= Edward Noel (Indian Army officer) =

British diplomat

Lieutenant-Colonel Edward William Charles Noel (14 April 1886 – 10 December 1974) was a British officer, diplomat and spy.
==Relatives==
The grandson of Charles Noel, 2nd Earl of Gainsborough his father was the Earl's second son Edward Noel, his mother, Ruth Lucas. He was the elder brother of Captain Noel an English mountaineer and filmmaker, best known for his film of the 1924 British Mount Everest expedition alongside George Mallory and Andrew Irvine. He was educated at The Oratory School, Birmingham and the Royal Military Academy, Woolwich. Commissioned initially in the Royal Garrison Artillery, he transferred to the Indian Army in 1908.

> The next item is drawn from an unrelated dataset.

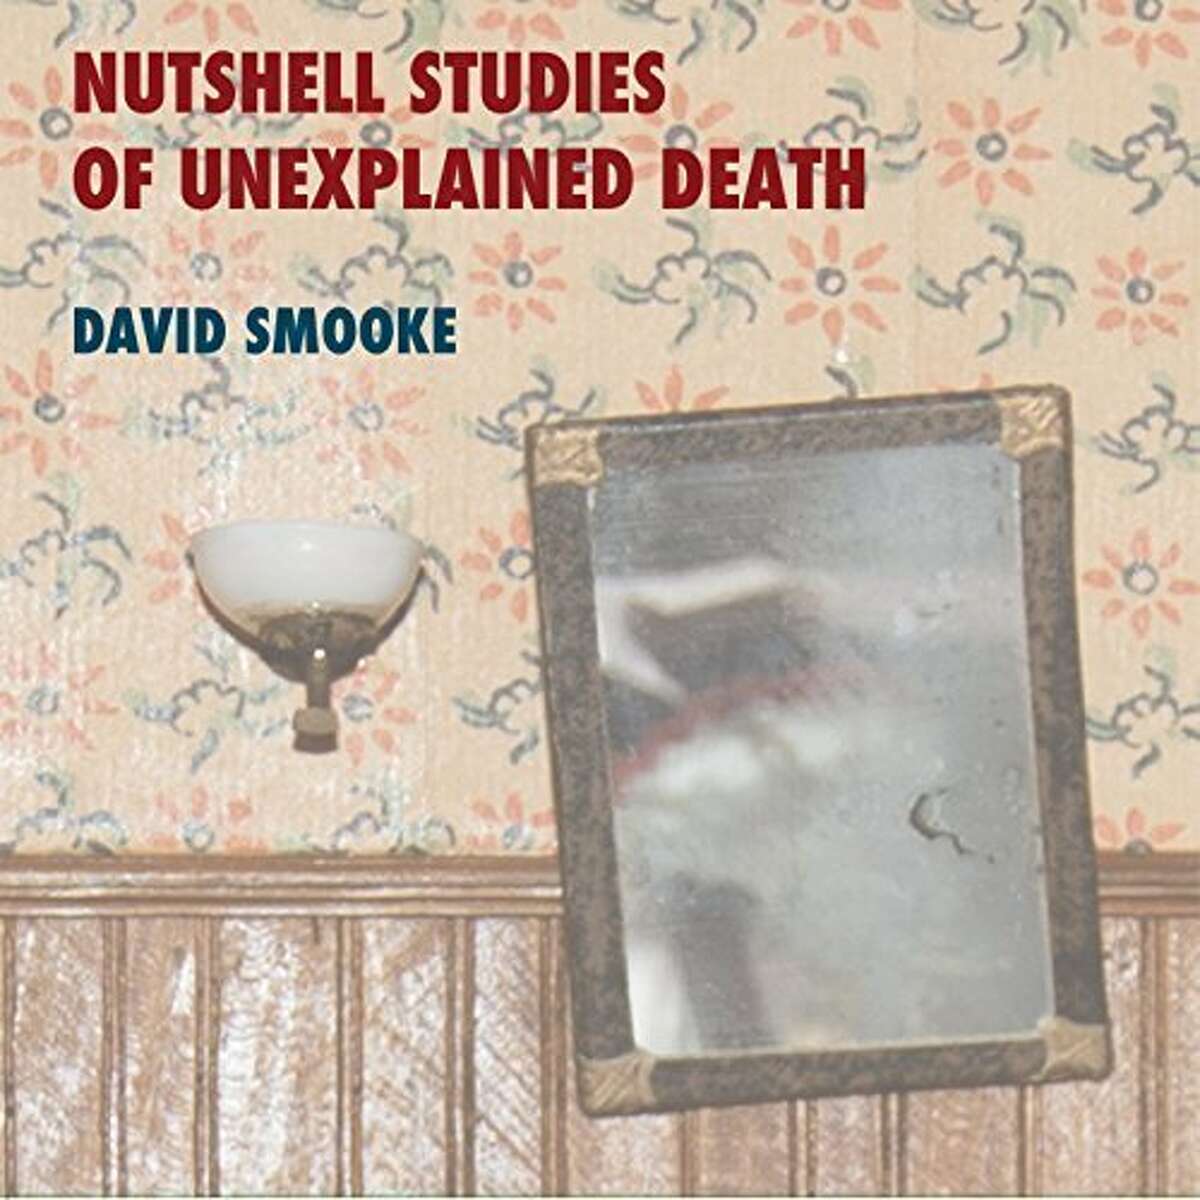 David Smooke, "Nutshell Studies of Unexplained Death"

He cycled from England to India twice, in 1909 and 1910.

==Political career==
In 1915, he was appointed Vice-Consul to Ahwaz in Persia and Consul for Kerman and Persian Baluchistan in 1929. He aided Peter Polovtsov, a tsarist general to escape from Russia in 1918. Then, while carrying despatches for Dunsterforce, Noel was held hostage by the Jangalis in 1919. He became a Companion of the Order of the Indian Empire in the 1918 New Year Honours and was awarded the Distinguished Service Order in 1919. In the aftermath of the World War I, he supported a creation of an independent Kurdistan and made extensive excursions through the region and had established good relations with descendants of Bedir Khan Beg and Sheikh Ubeydullah.
==Honours==
He was awarded the Distinguished Service Order (D.S.O.) in 1919. He was Political Agent for Kurram Agency in FATA in 1924. He commissioned to build a rest house in the Chapri forest in Parachinar. He was Consul to Kerman and Persian Baluchistan in 1929. He was Deputy Commissioner of Dehra Ismail Khan in 1931. He was Director of Agriculture and Allied Departments, North-West Frontier Provinces in 1933. He gained the rank of Lieutenant-Colonel in the Indian Army.